Ireland’s gross domestic product is set to contract this year, but its domestic economy is expected to grow, according to the Economic and Social Research Institute.
(Bloomberg) — Ireland’s gross domestic product is set to contract this year, but its domestic economy is expected to grow, according to the Economic and Social Research Institute.
GDP will contract by 1.6%, influenced by international factors including rising inflation and high interest rates, the institute said. That would be the first year the economy fails to expand since 2012, according to the institute.
However, the ESRI is also predicting that the domestic economy will continue to grow in 2023 and into 2024. Modified domestic demand, or MDD, which the institute describes as a more accurate reflection of domestic activity, will increase by 1.8% in 2023, it said.
GDP is not generally considered to be a good indicator of the Irish economy due to the out-sized impact of foreign-owned multinationals.

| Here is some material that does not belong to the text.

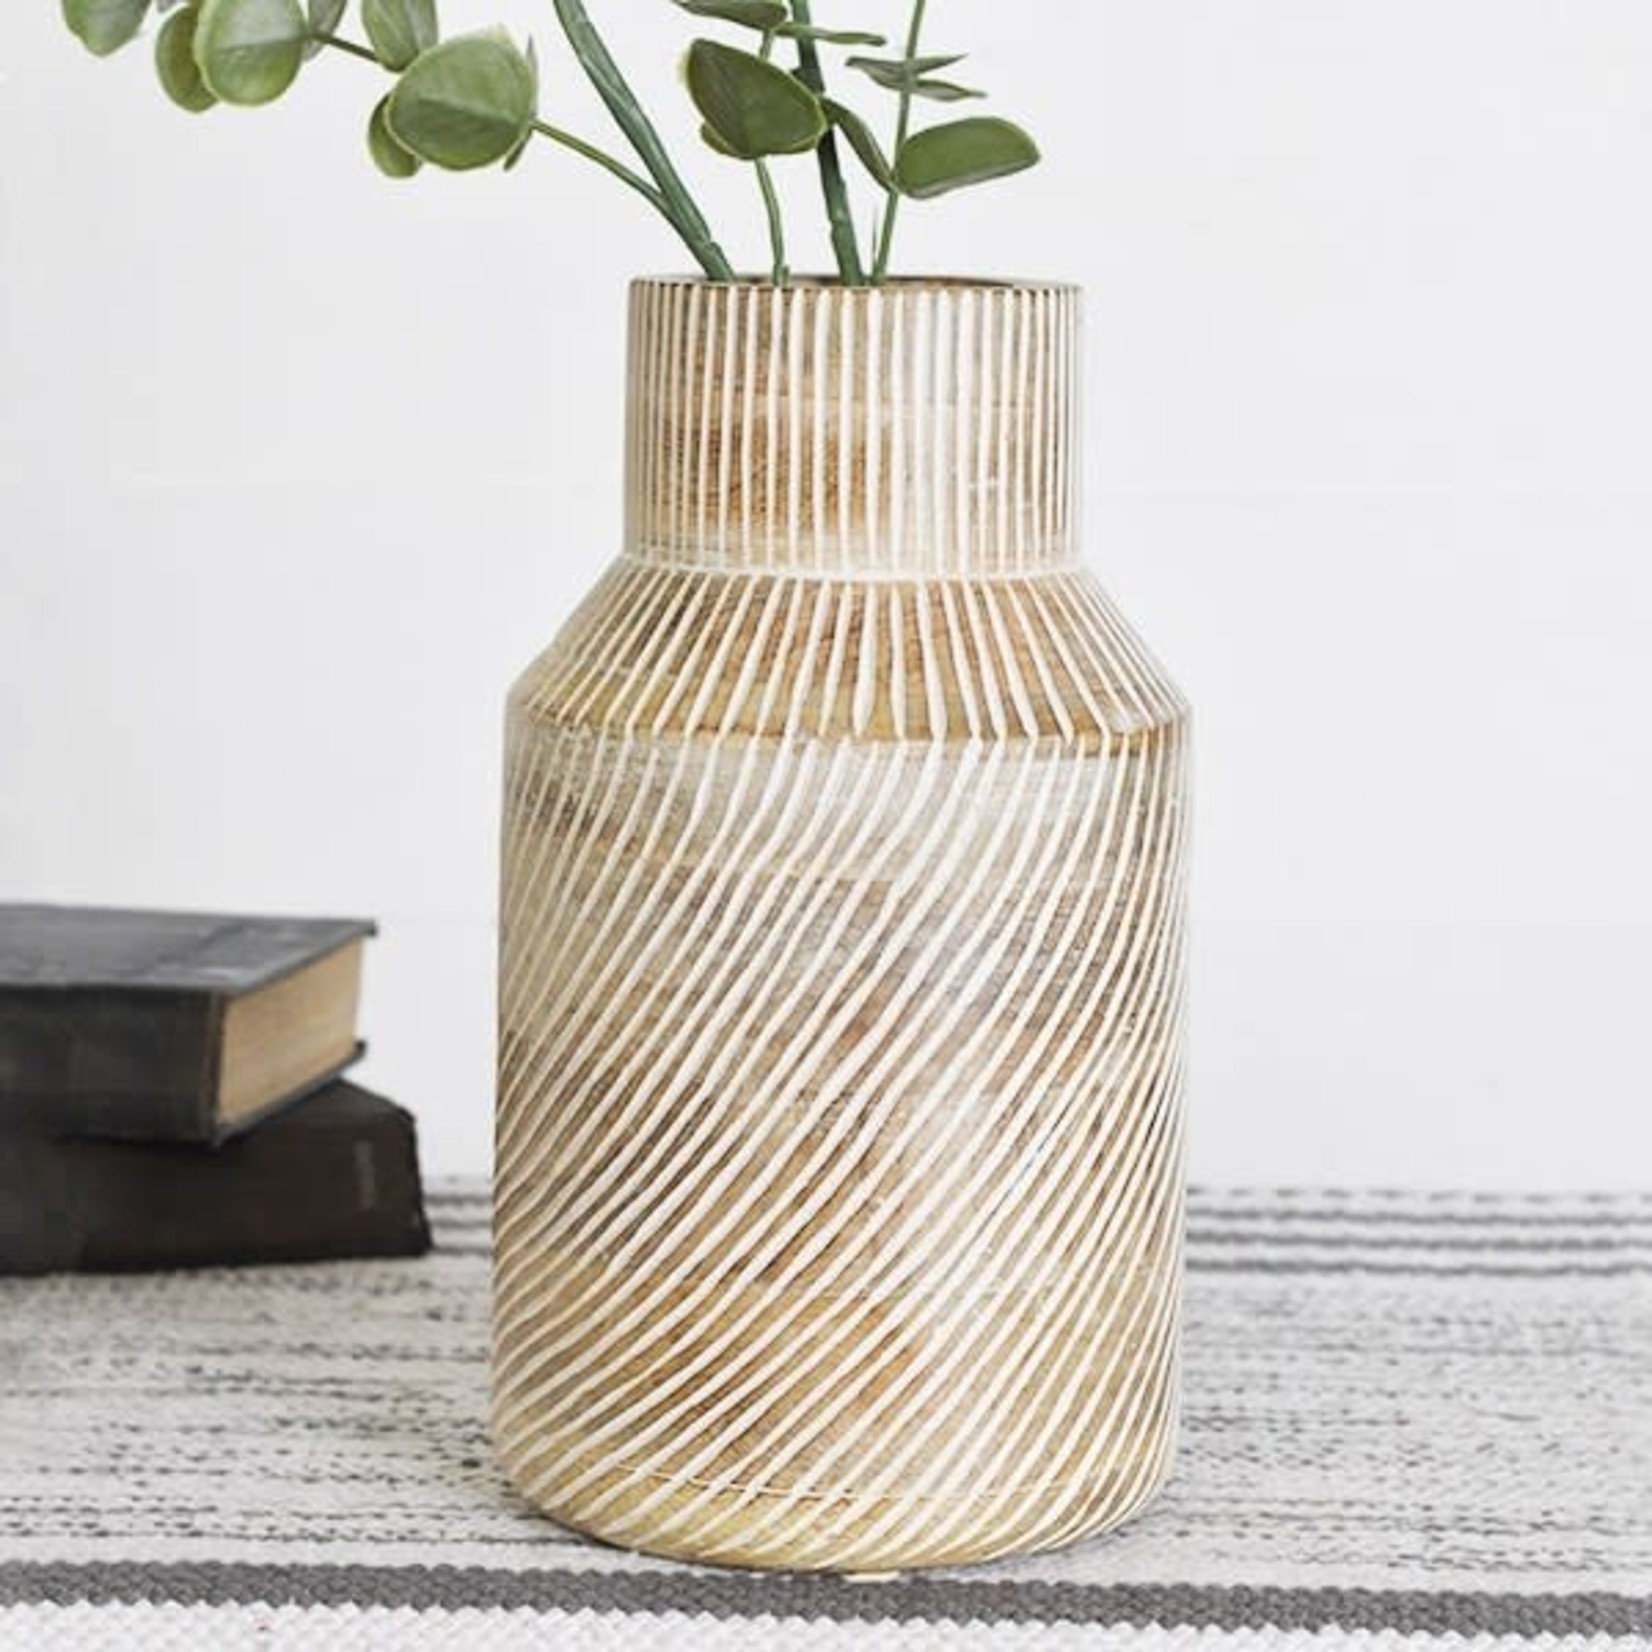 Mickler & Co. Diagonal Striped Wood Vase

This highlights the “dual aspect of the Irish economy, the twin track for both the domestic sectors and the multinational sectors,” ESRI Associate Research Professor Conor O’Toole, told reporters.
Economic growth is usually overstated by the of the large number of multinationals present in Ireland, however it currently it is understating activity in the domestic economy, according to the ESRI.

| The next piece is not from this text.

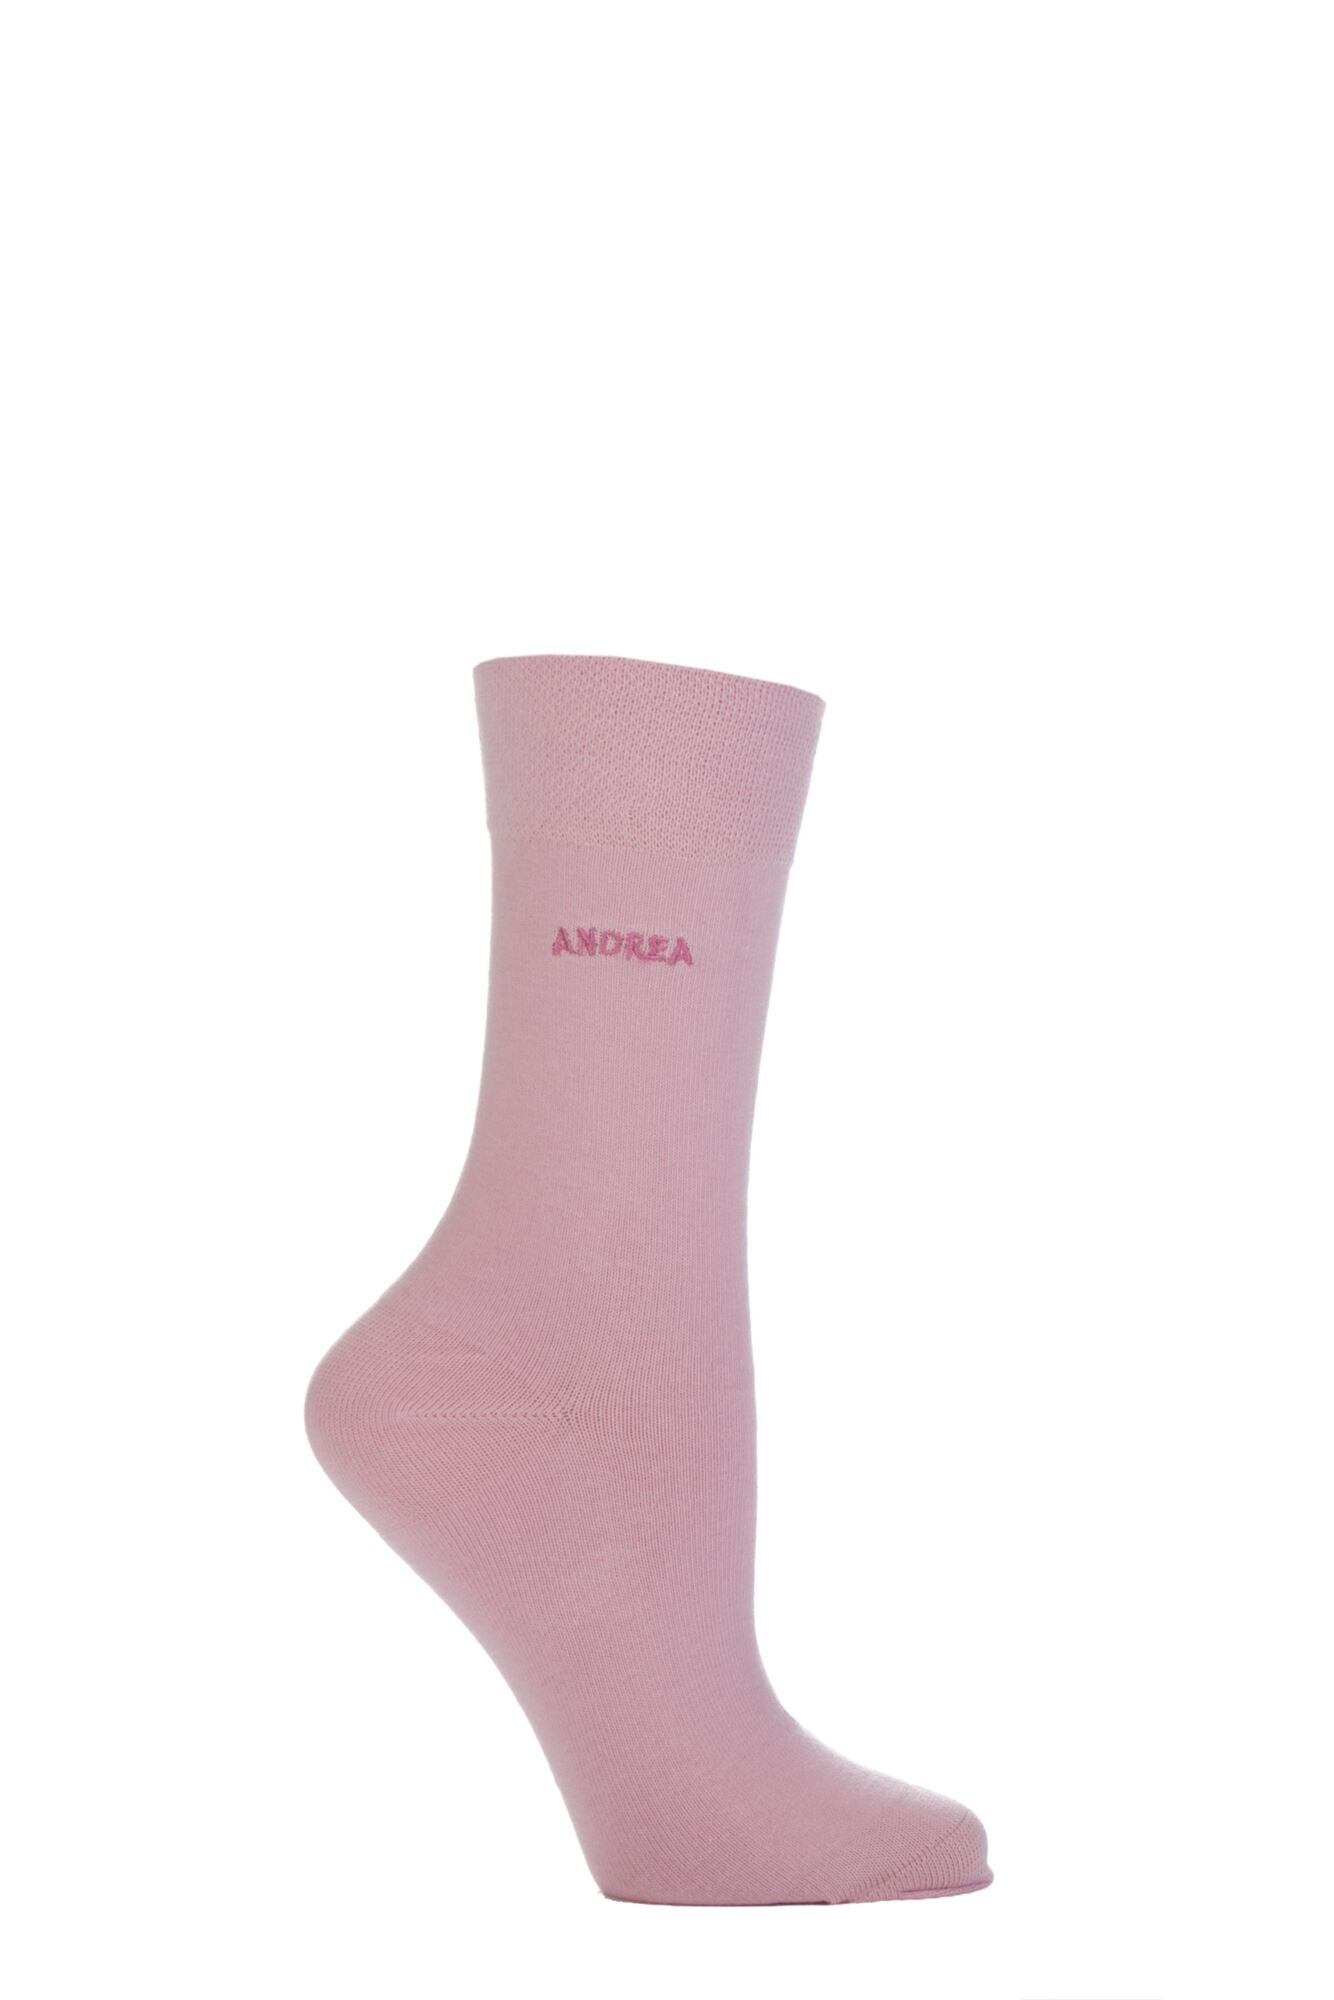 1 Pair Individual Names Pink Embroidered Socks Ladies - SOCKSHOP

Last month Ireland’s central bank downgraded growth forecasts in its quarterly economic bulletin. MDD is now seen expanding by 2.9%, down from a forecast of 3.7% in June. It also had a 2.9% estimate for GDP.
While the Irish economy is operating close to capacity, it “does look set to experience more moderate rates of growth over the short to medium-term,” said Professor Kieran McQuinn, who authored the ESRI report.
The body expects inflation to continue to negatively impact output and predicts the consumer price index will increase by 6% in 2023 and 3.2% in 2024 given interest rates have not declined as quickly as it previously forecast.